*ASSIGNED TASK*. What you need to produce from the material below is an exact transcription of the lines from the one with "Trimble Logo - AGS." through the one with "Jumeirah Messilah Beach Hotel & Spa Building", both included, and no other line.

*PROVIDED ENTRIES*.

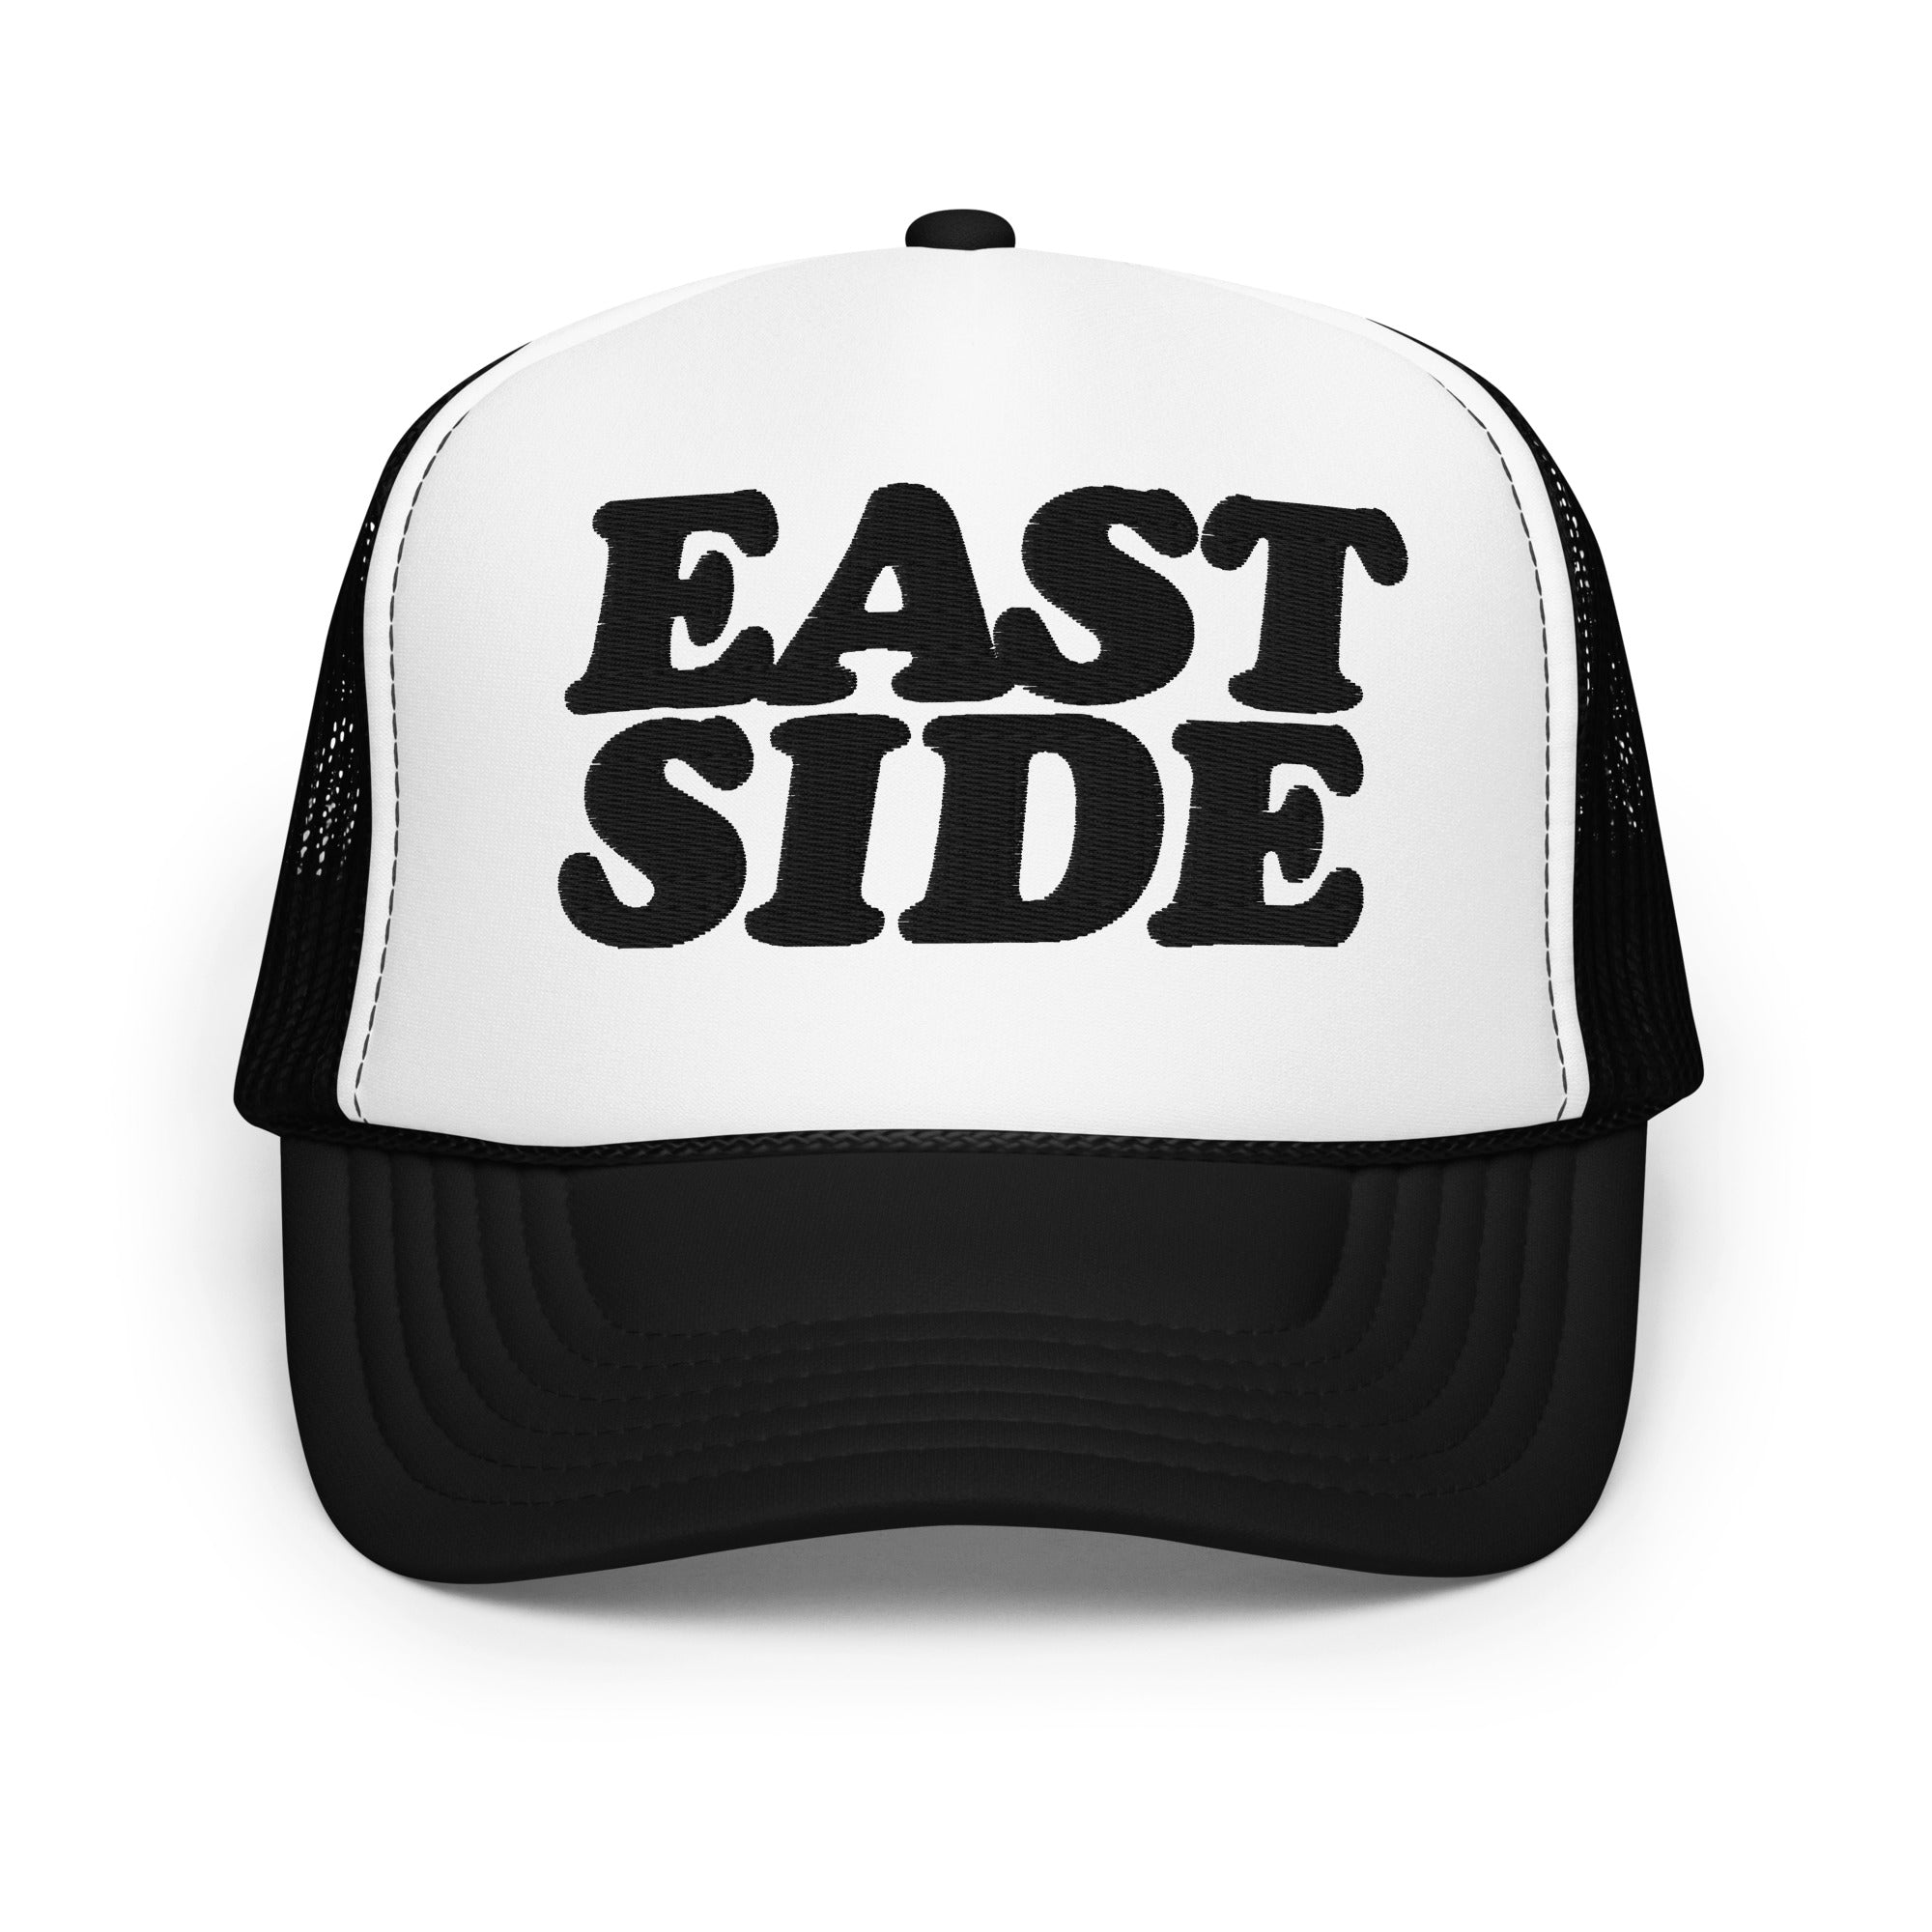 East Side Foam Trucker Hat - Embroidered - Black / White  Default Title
...
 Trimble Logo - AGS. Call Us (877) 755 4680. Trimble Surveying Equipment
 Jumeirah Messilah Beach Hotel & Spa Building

*THE COMPLETED TASK*.
 Trimble Logo - AGS. Call Us (877) 755 4680. Trimble Surveying Equipment
 Jumeirah Messilah Beach Hotel & Spa Building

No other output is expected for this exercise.